**Supplied information**

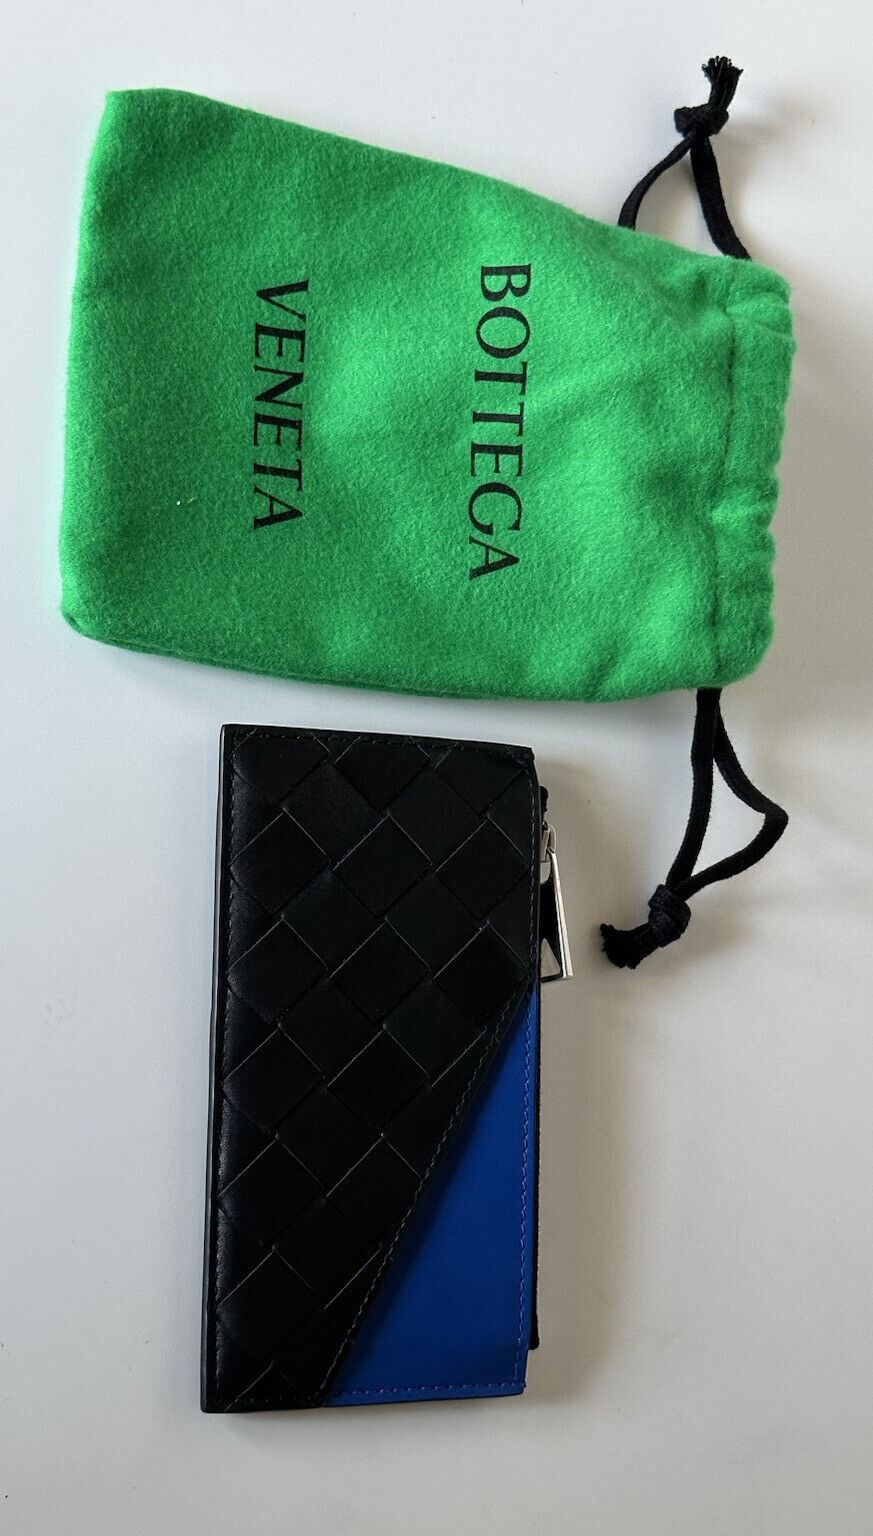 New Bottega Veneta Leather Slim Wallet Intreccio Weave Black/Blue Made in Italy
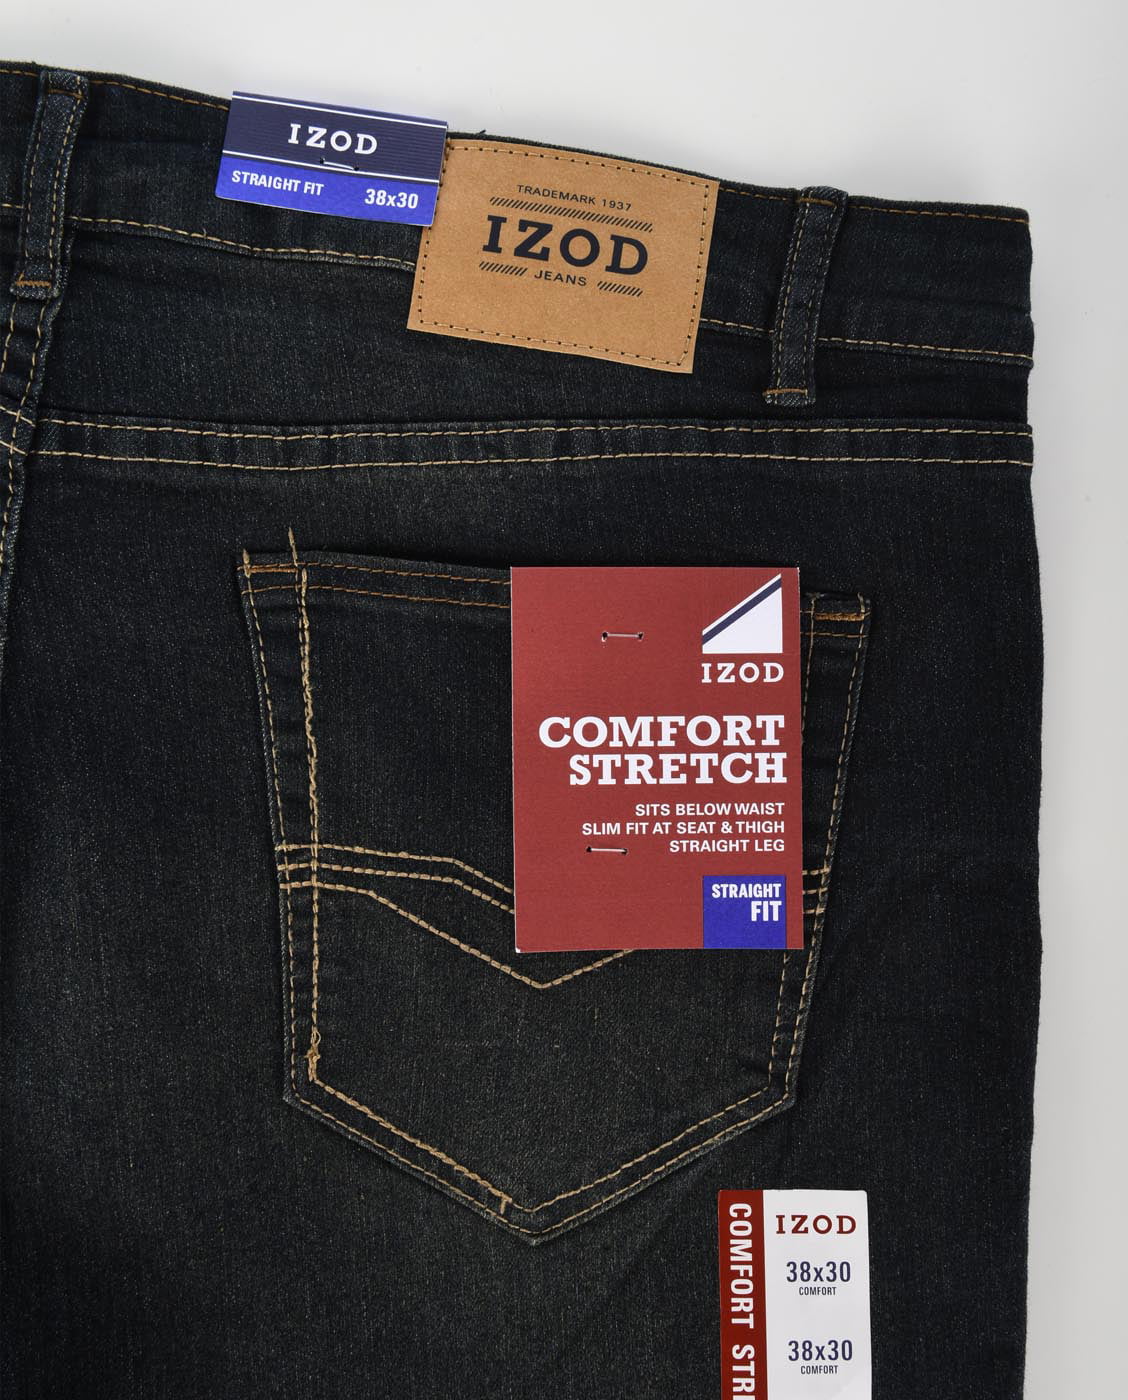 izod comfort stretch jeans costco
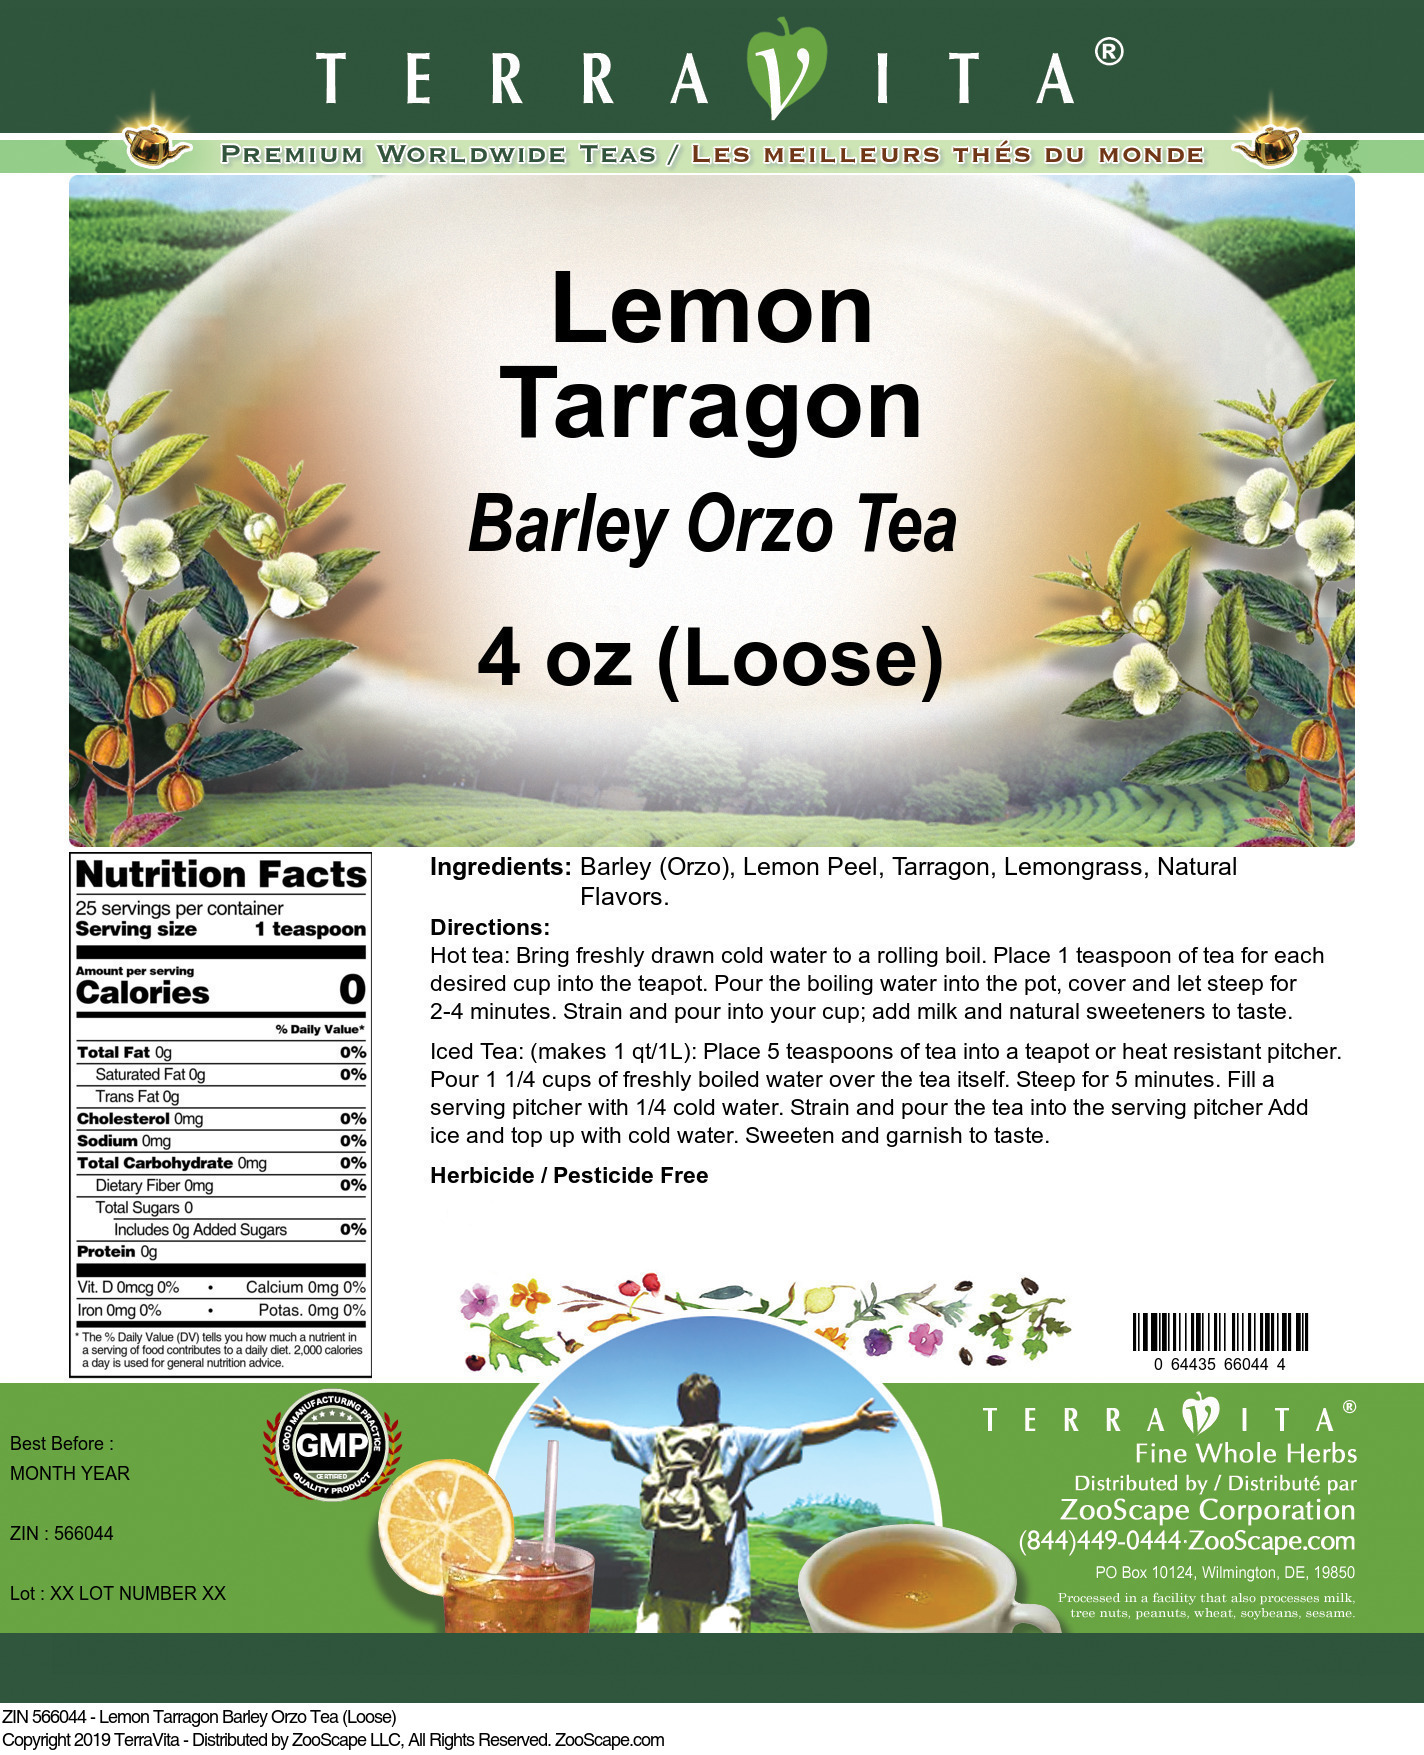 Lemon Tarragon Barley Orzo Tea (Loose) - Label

**About this exercise**
An exact reproduction of the data is required, with pictures excluded.

**Solution for this task**
 New Bottega Veneta Leather Slim Wallet Intreccio Weave Black/Blue Made in Italy
 izod comfort stretch jeans costco
 Lemon Tarragon Barley Orzo Tea (Loose) - Label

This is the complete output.